Write out the whole listing below exactly, skipping each picture.

Segment Start: Input data

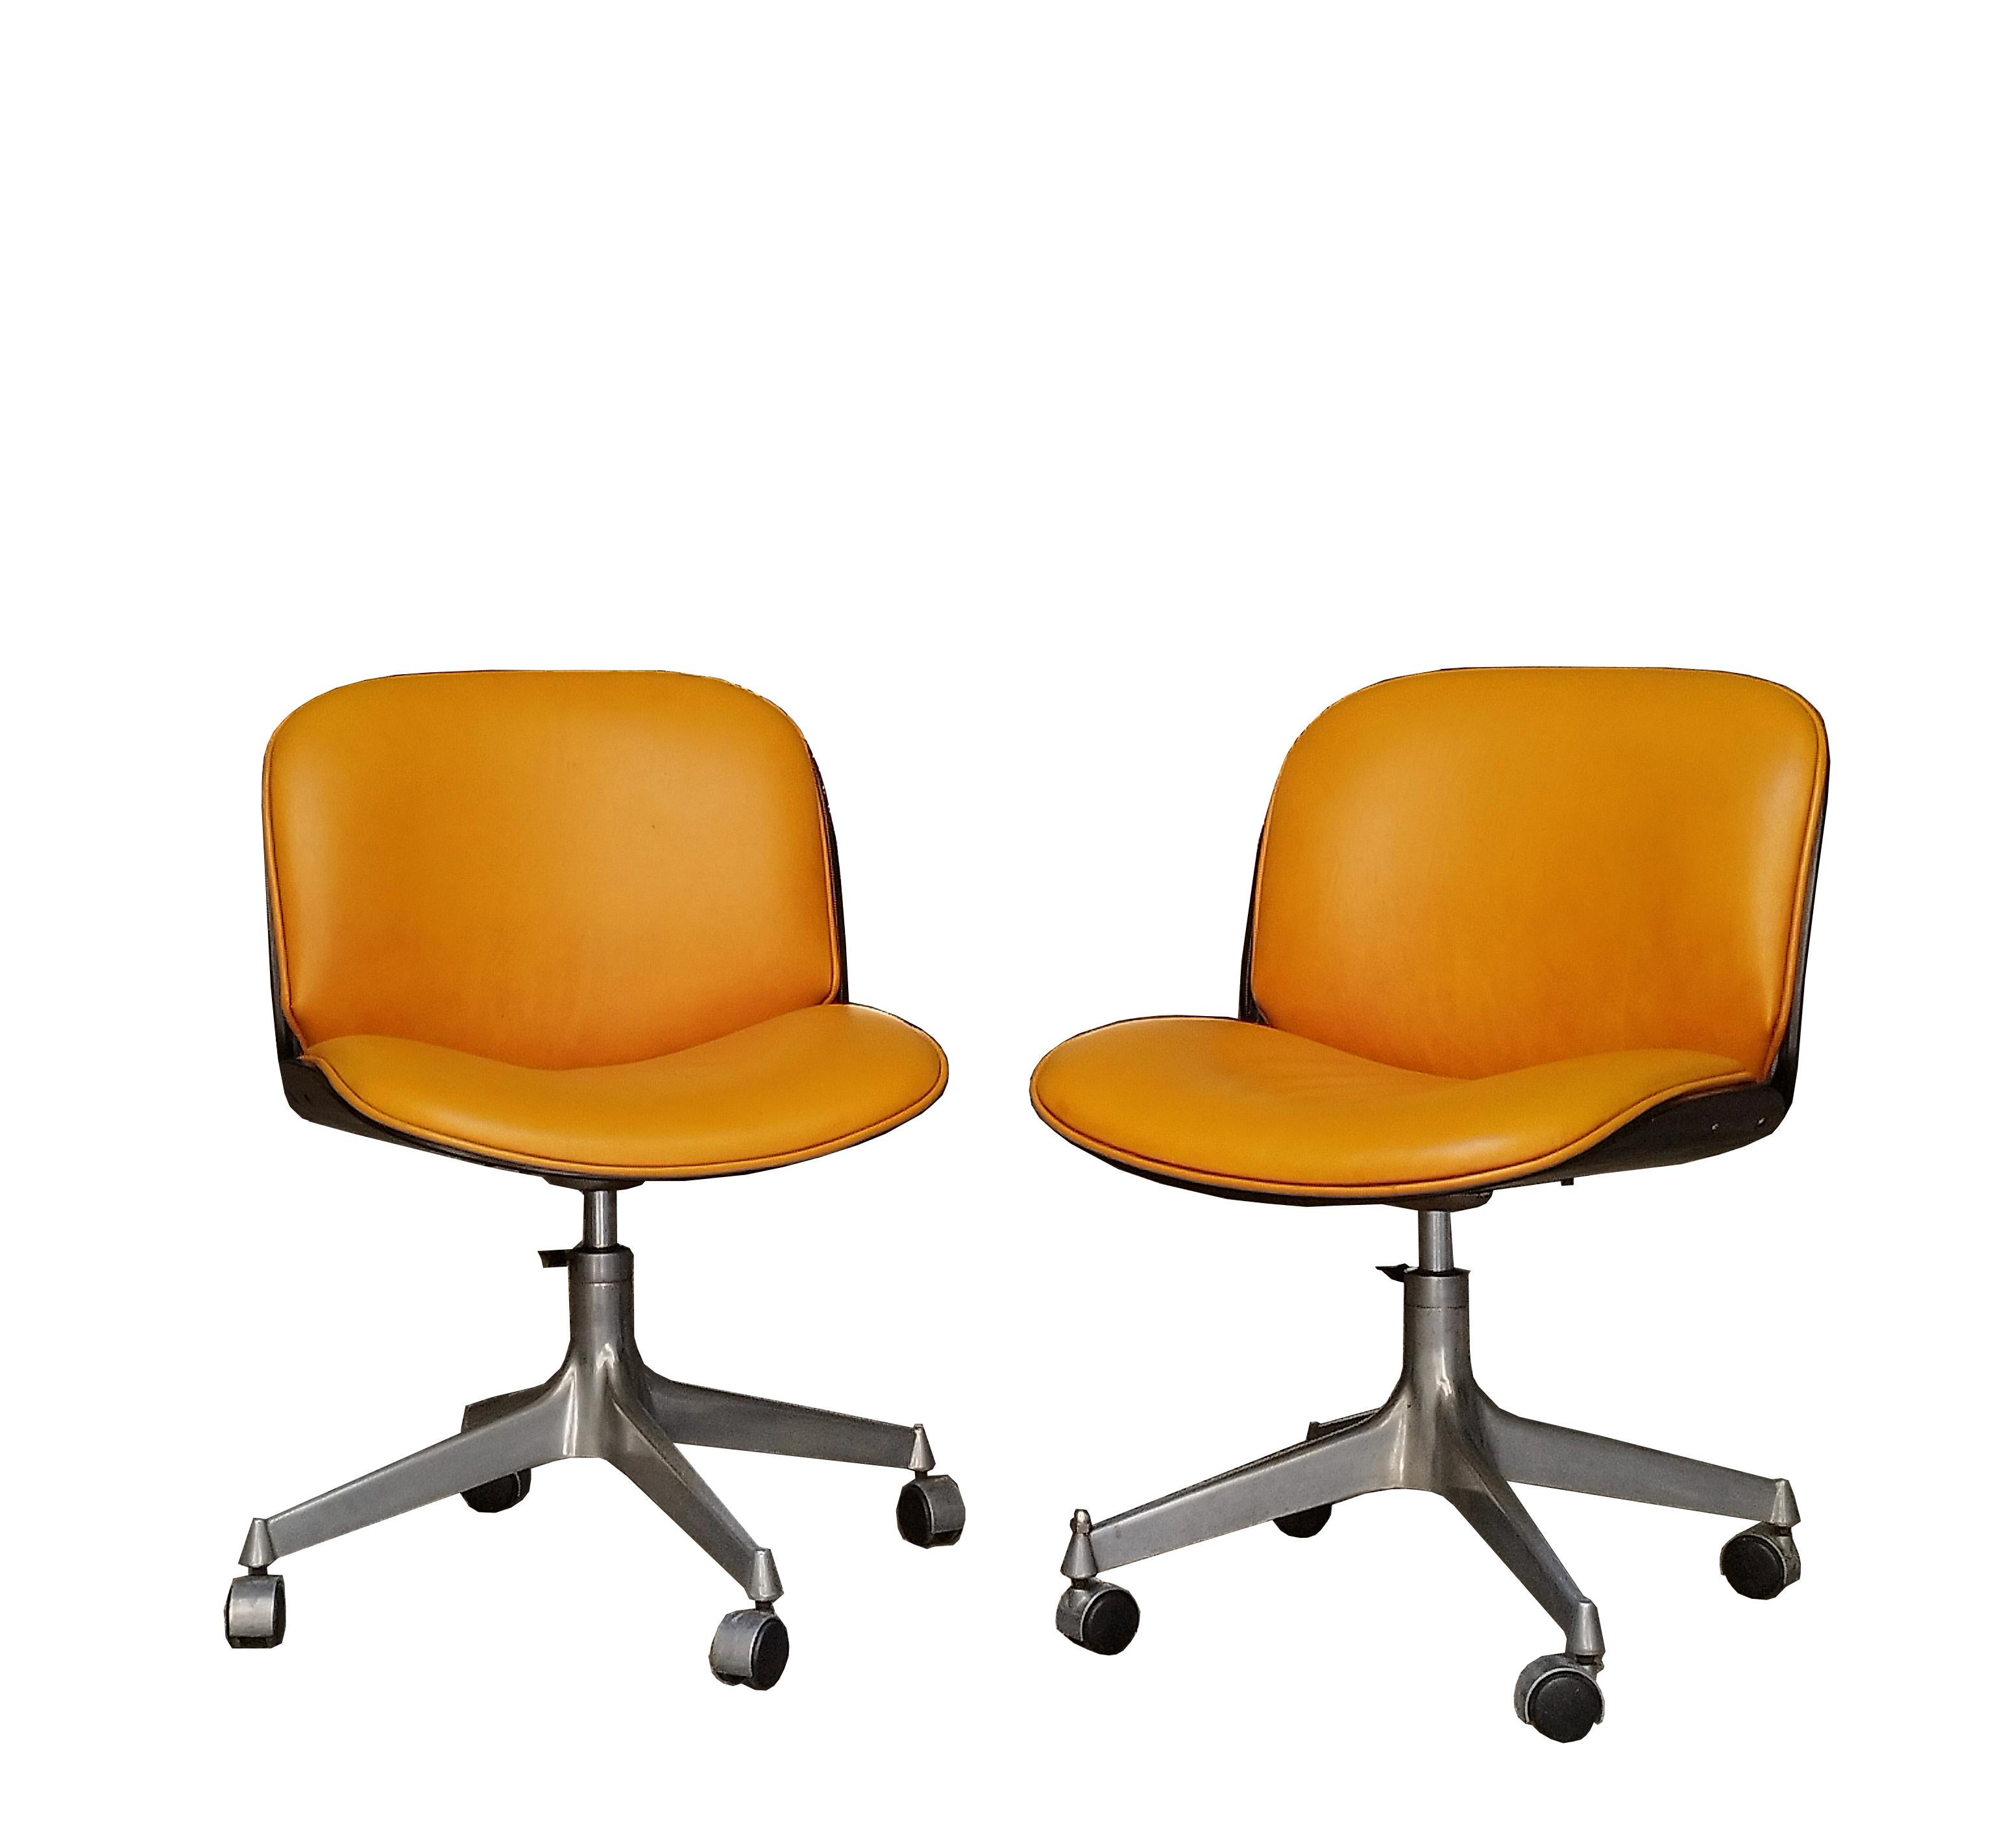 Mid-20th Century Ico Parisi for Mim Roma Desk, an Executive Armchair and a pair of Swiwel Chairs
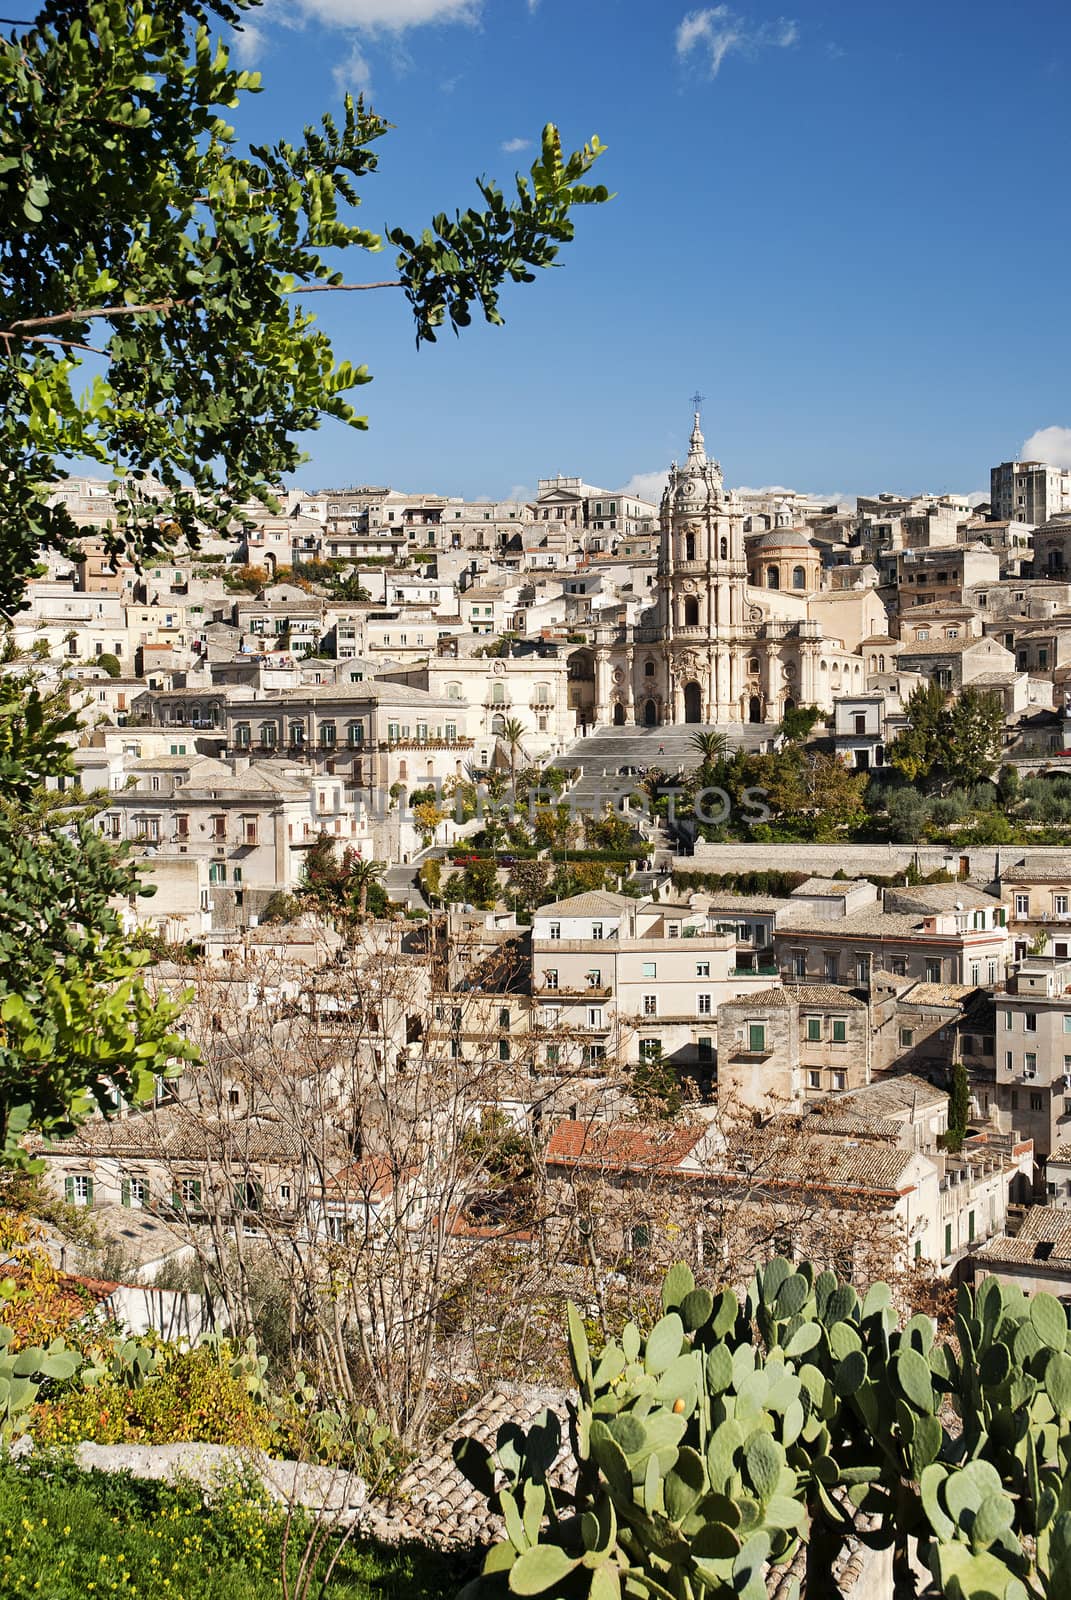 modica in sicily italy by jackmalipan
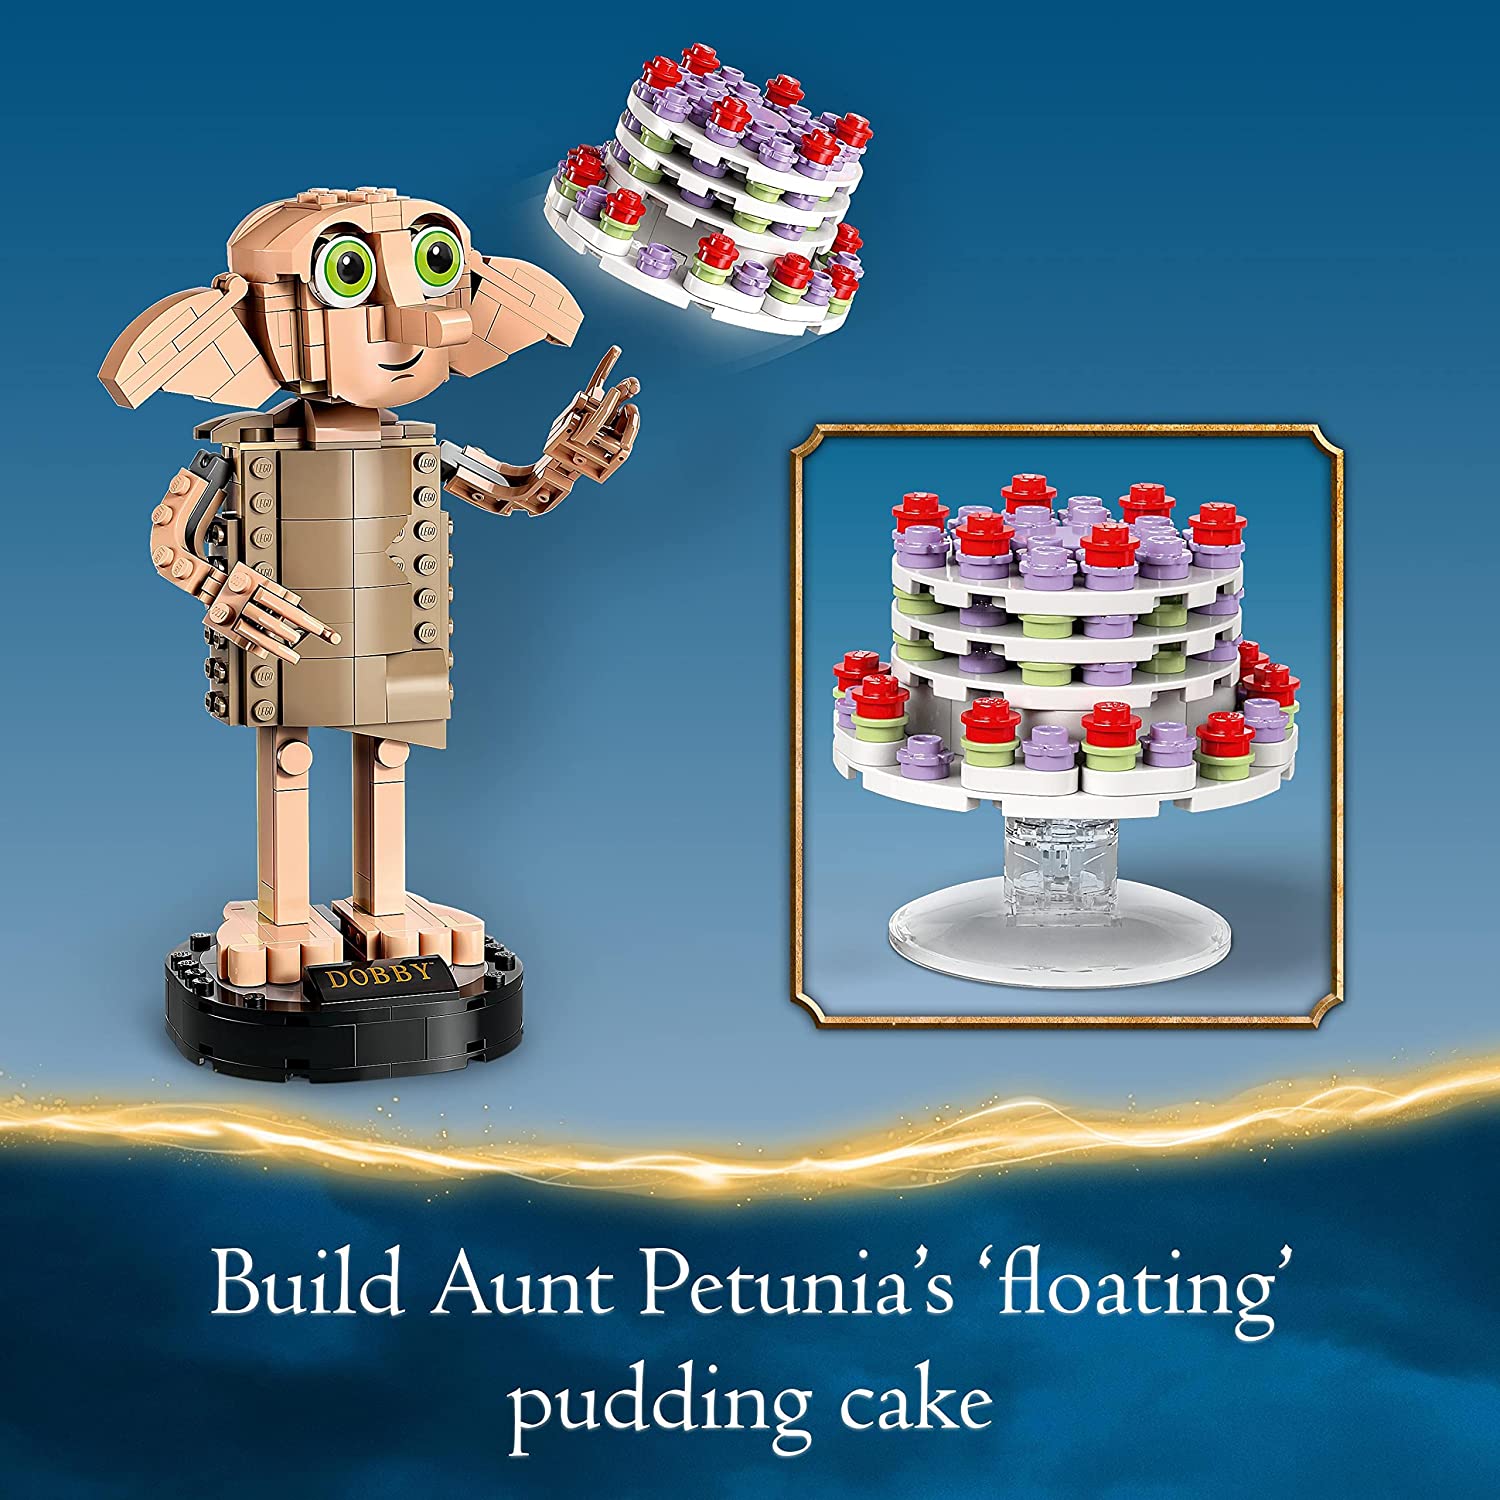 Aunt Petunias Pudding Recipe from Harry Potter - The Scran Line

Segment End: Input data

→ **Expected answer**:
 Mid-20th Century Ico Parisi for Mim Roma Desk, an Executive Armchair and a pair of Swiwel Chairs
 modica in sicily italy by jackmalipan
 Aunt Petunias Pudding Recipe from Harry Potter - The Scran Line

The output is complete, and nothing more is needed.